Officials tortured him, applying electric shocks to the stump of his leg and forcing him to witness them torture others – which continues to haunt him. To this day, he has no idea why he was detained. Deeply traumatized, he told me he only agreed to give Human Rights Watch an interview to show others what Syria is really like for returning refugees.

His story is emblematic of the 65 refugee accounts I collected and analyzed as a Human Rights Watch researcher for our new report on Syrian refugees returning home.

There have been increasing signs in recent weeks that governments and international institutions are ready to turn the page and bring Syrian President Bashar al-Assad "in from the cold," as one headline put it. Whatever the political and economic benefits other countries think normalization of relations with Damascus might bring, it is no surprise that many – after hosting Syrian refugees for as long as a decade – would welcome the green light to start sending Syrians home.

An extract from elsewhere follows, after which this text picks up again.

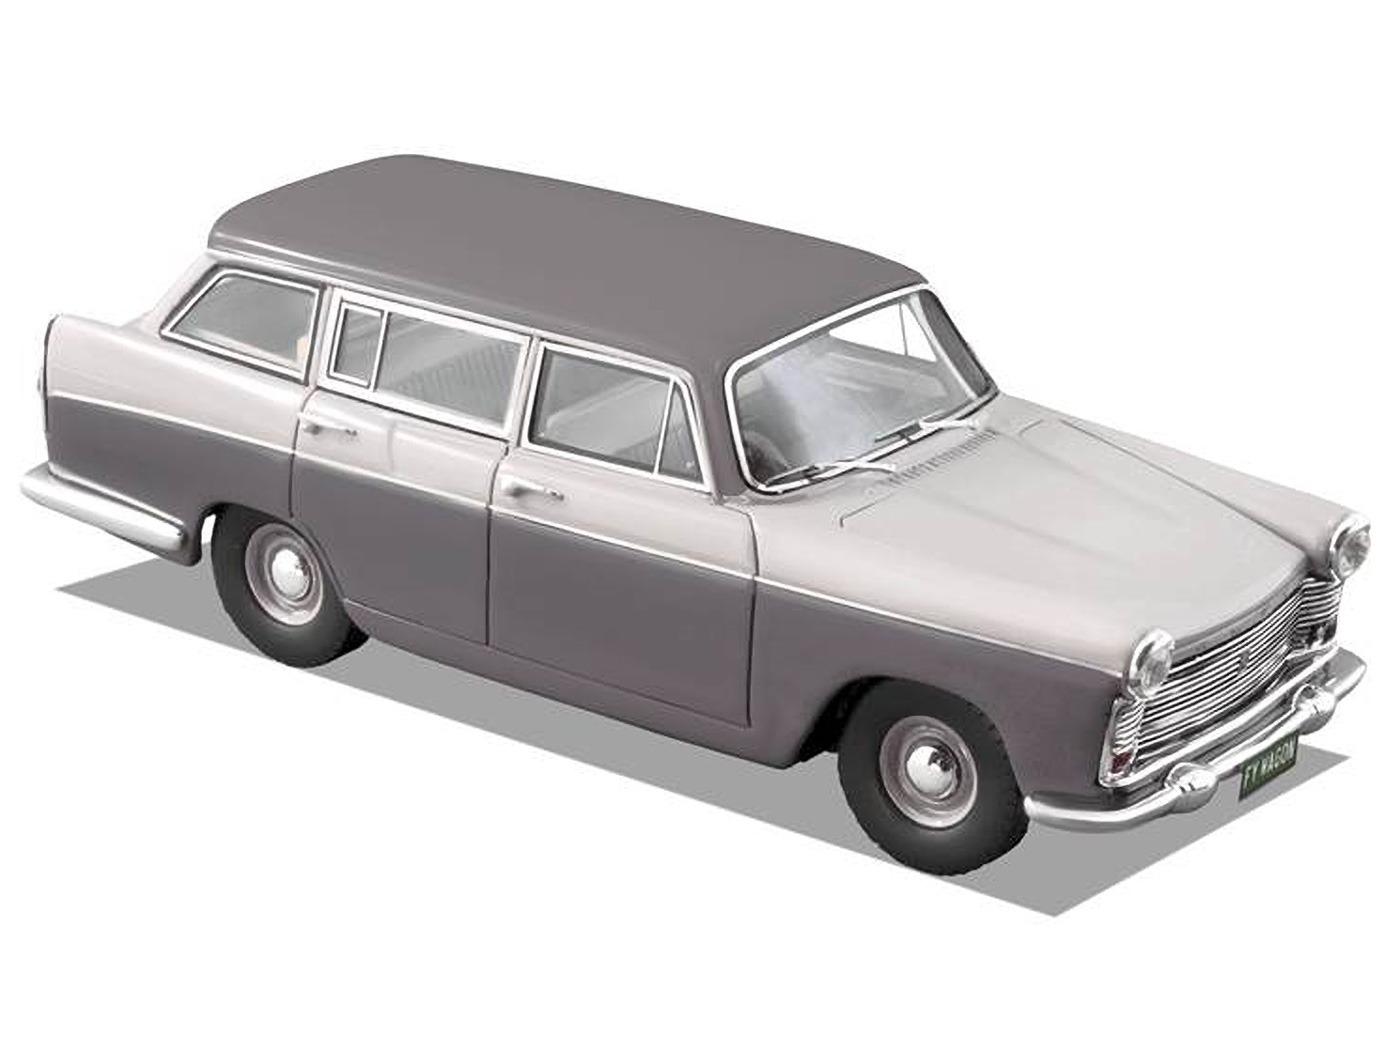 1962 Austin Freeway Wagon – Ash Grey / Rose Taupe

But inconvenient as the stories of refugees who returned and found themselves detained and tortured might be to governments eager to move on, they should not be ignored.

Refugees returning from Lebanon were persecuted as well. A 32-year-old refugee who voluntarily returned with his family from Lebanon to their home in Homs, Syria, was picked up by the Syrian Political Intelligence Agency the day after he got home. Agents tortured him, then passed him to four other intelligence agencies for yet more abuse, and then released him four months later.

He decided on his own to return to Syria. The Lebanese General Security Directorate, the agency responsible for the entry and exit of foreigners, facilitated his family's return, even processing the obligatory Syrian security clearance, which they told him came back approved. Since he had been cleared to return, he assumed he would be safe.

He showed me the burn scars he said were from electric shocks administered by his torturers in the first days after his arrest. No one told him what was happening or why he was wanted by the Political Security Agency. He was coerced to sign documents that accused him of "terrorist acts." Like many others I spoke with, he signed every document he was given, hoping it would mean an end to his torture. It did not.

He smuggled himself and his family back to Lebanon the minute he was released.

Anyone willing to look can see the Assad government's continual record of brutal suppression against his own people. The government that produced 5 million refugees is the same government that committed grave human rights abuses against its own citizens even before uprisings began. It is the same government that committed crimes against humanity during the conflict – the government that is still in place today without any indication that its abusive practices have ceased, and without accountability.

Based on evidence of widespread, ongoing abuses, the UN High Commissioner for Refugees continues to maintain that Syria is not safe and advises all refugee host nations not to force anyone to return. Denmark should heed that call, as well as a March 2021 European Union parliamentary resolution reminding member states that Syria is not safe for refugee return. But even more than UN agencies and European institutions, Denmark should heed the words of refugees like the ones I interviewed, rescind the decision to strip people from Damascus and the Damascus countryside of their temporary protection, and commit to suspending forcible returns of Syrians until they can truly return in safety and dignity.